■ **What this task involves**
The expected answer is the data below, printed verbatim without its pictures.

■ **Given material**
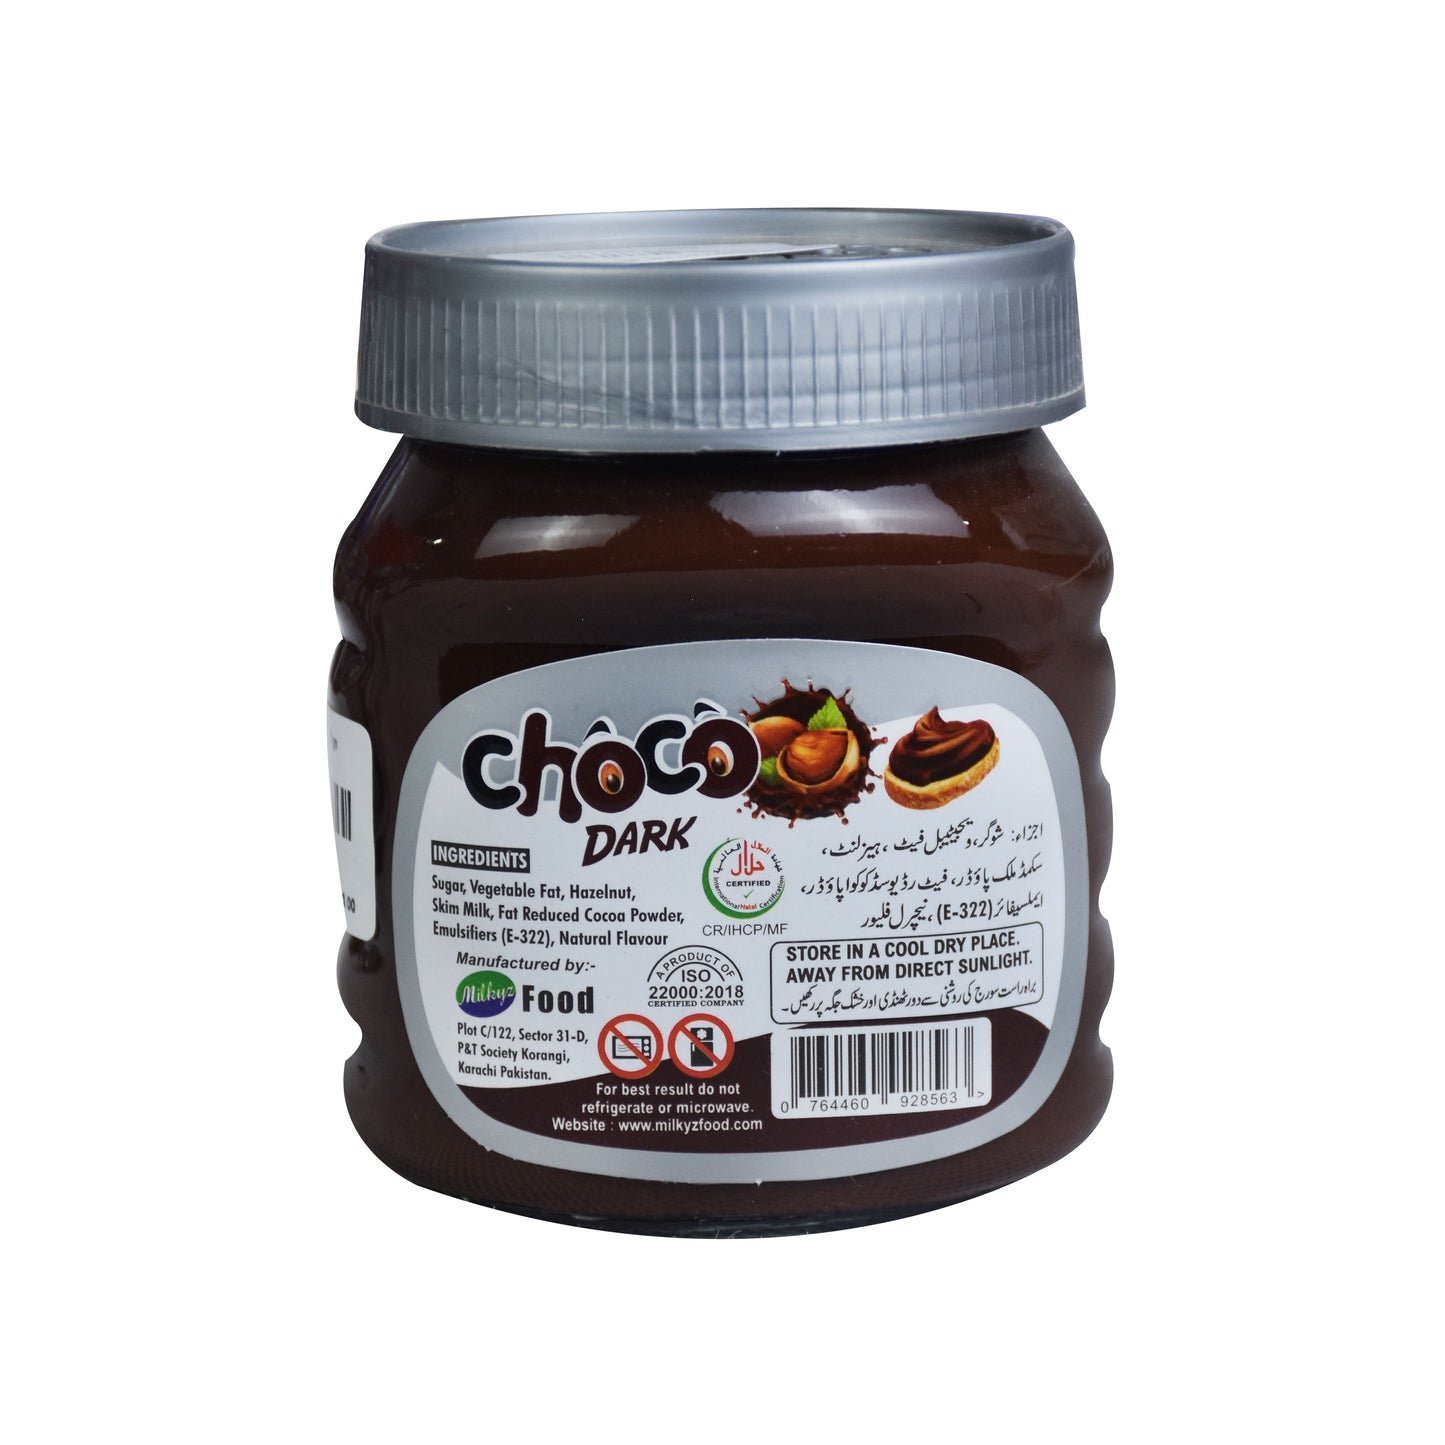 Milkyz Food Choco Dark Double Chocolate Spread With Hazelnut 350g Jar Bottle
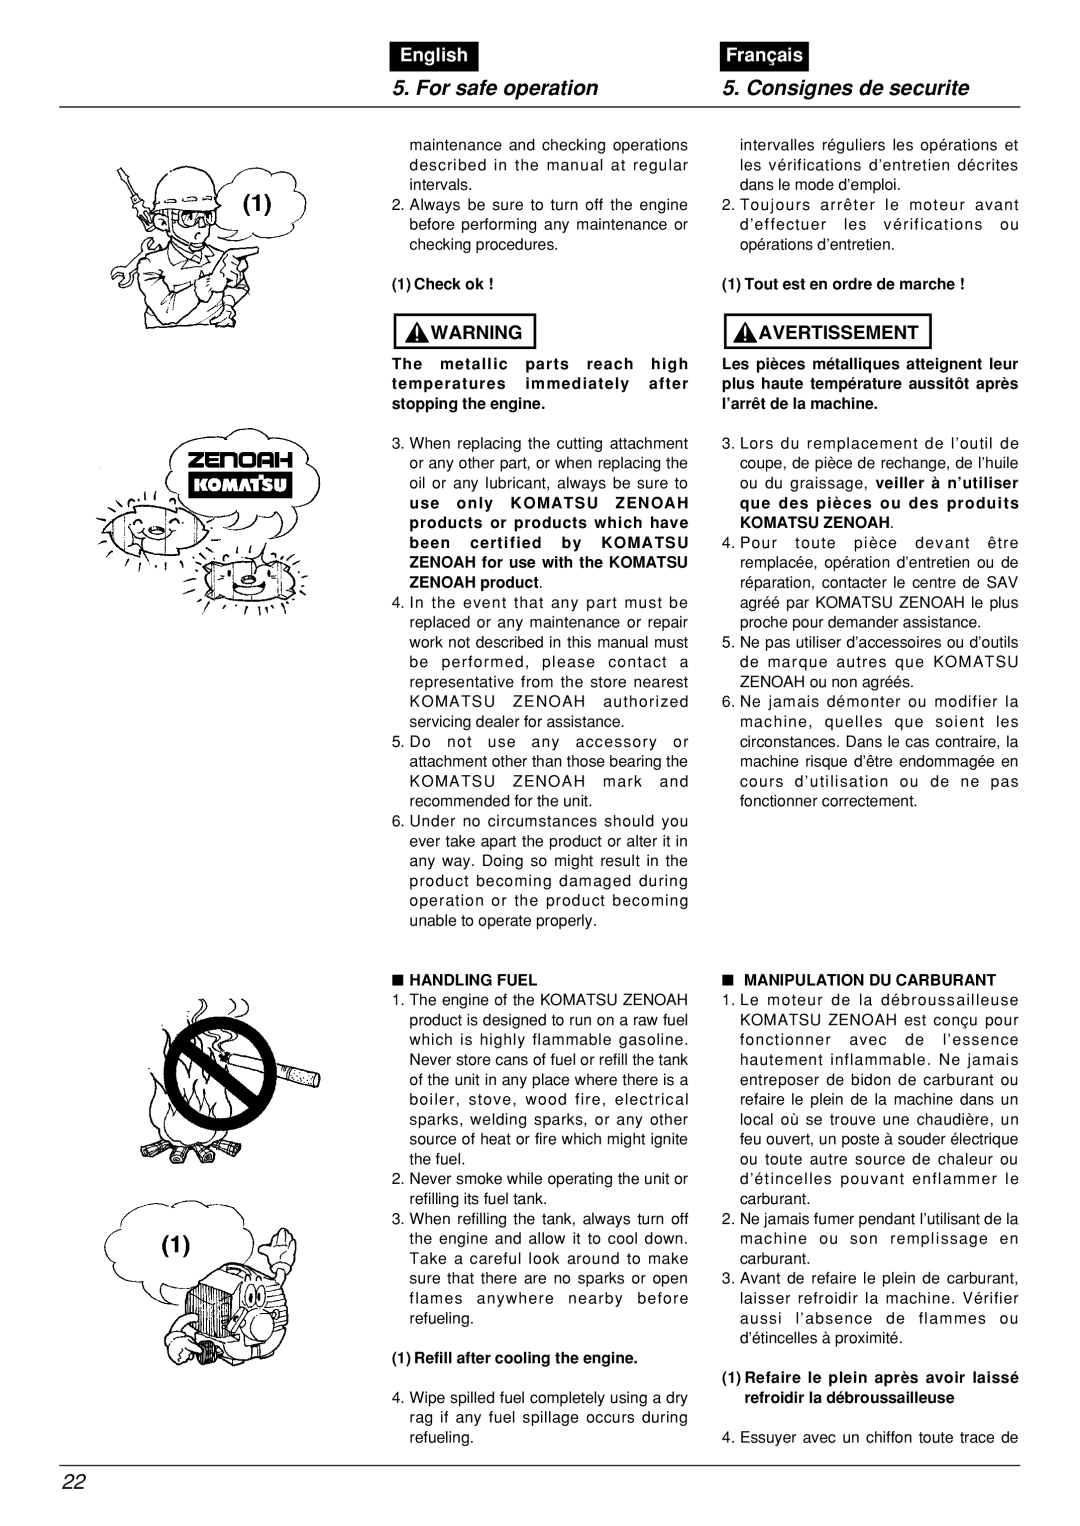 Zenoah BCX2601DL manual For safe operation, Consignes de securite, English, Français, Check ok 
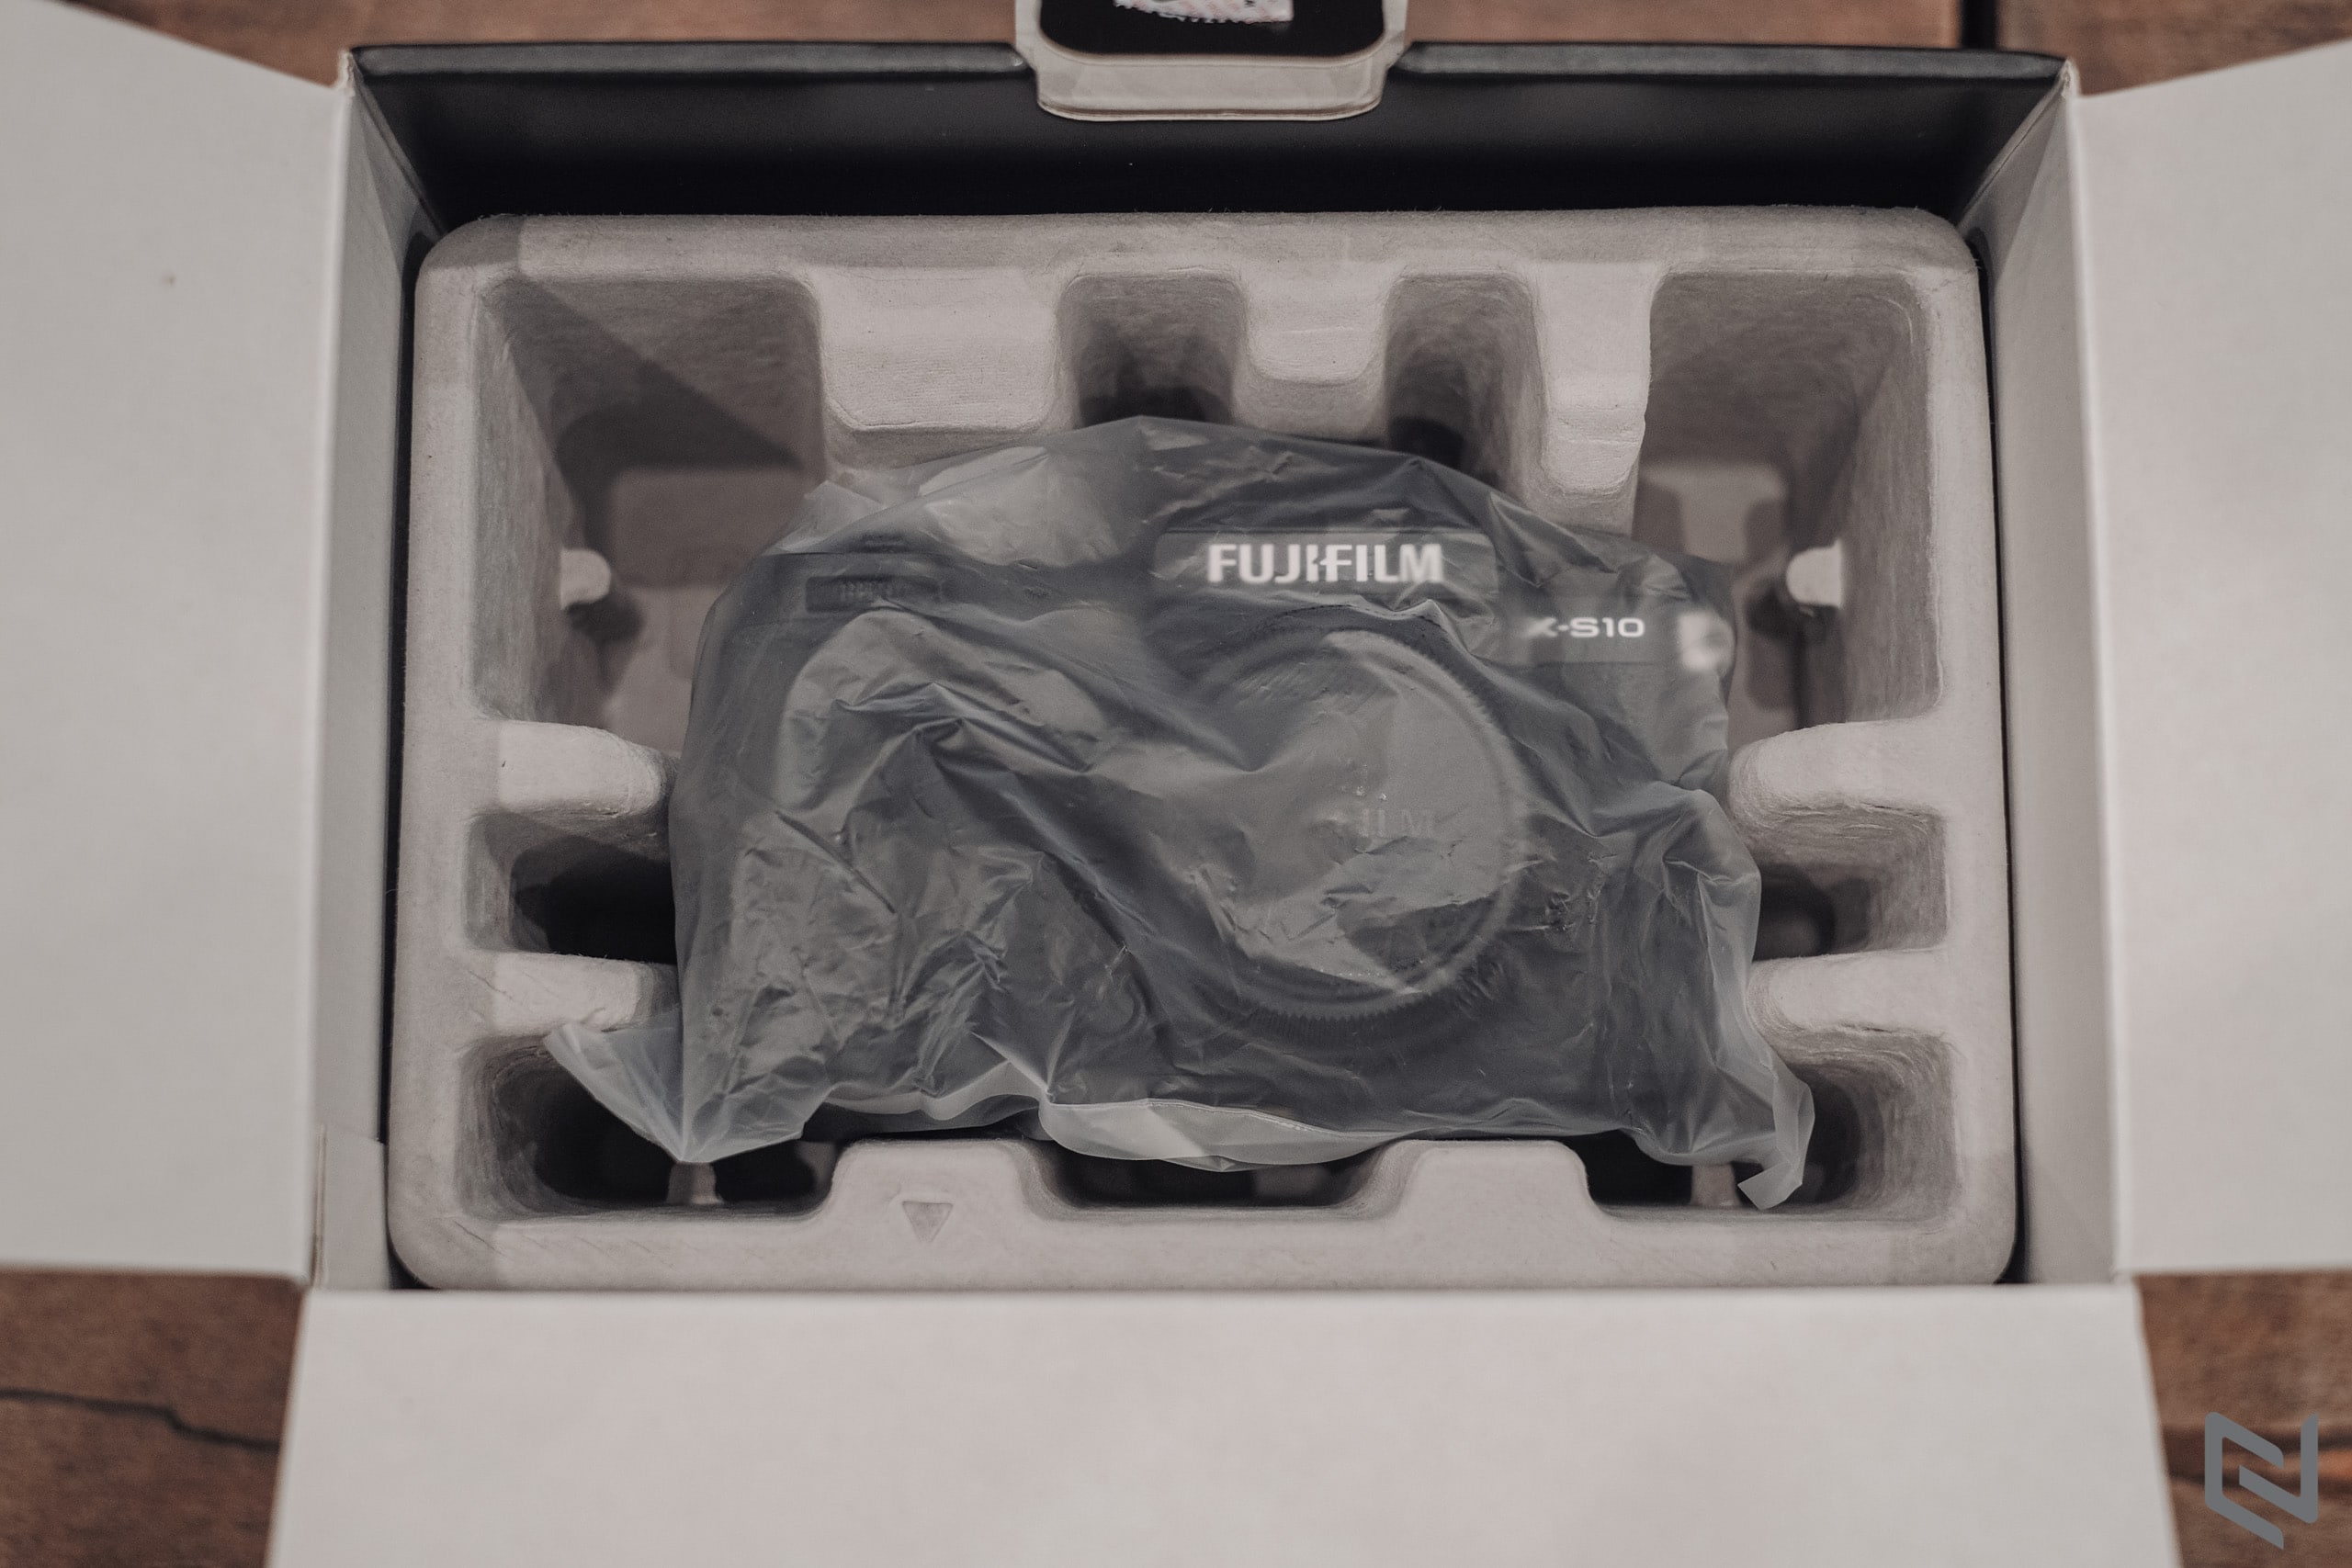 Mở hộp Fujifilm X-S10, đây là đam mê mới của mình!

■ **Solution for this exercise**
 Milkyz Food Choco Dark Double Chocolate Spread With Hazelnut 350g Jar Bottle
 Zenoah BCX2601DL manual For safe operation, Consignes de securite, English, Français, Check ok 
 Mở hộp Fujifilm X-S10, đây là đam mê mới của mình!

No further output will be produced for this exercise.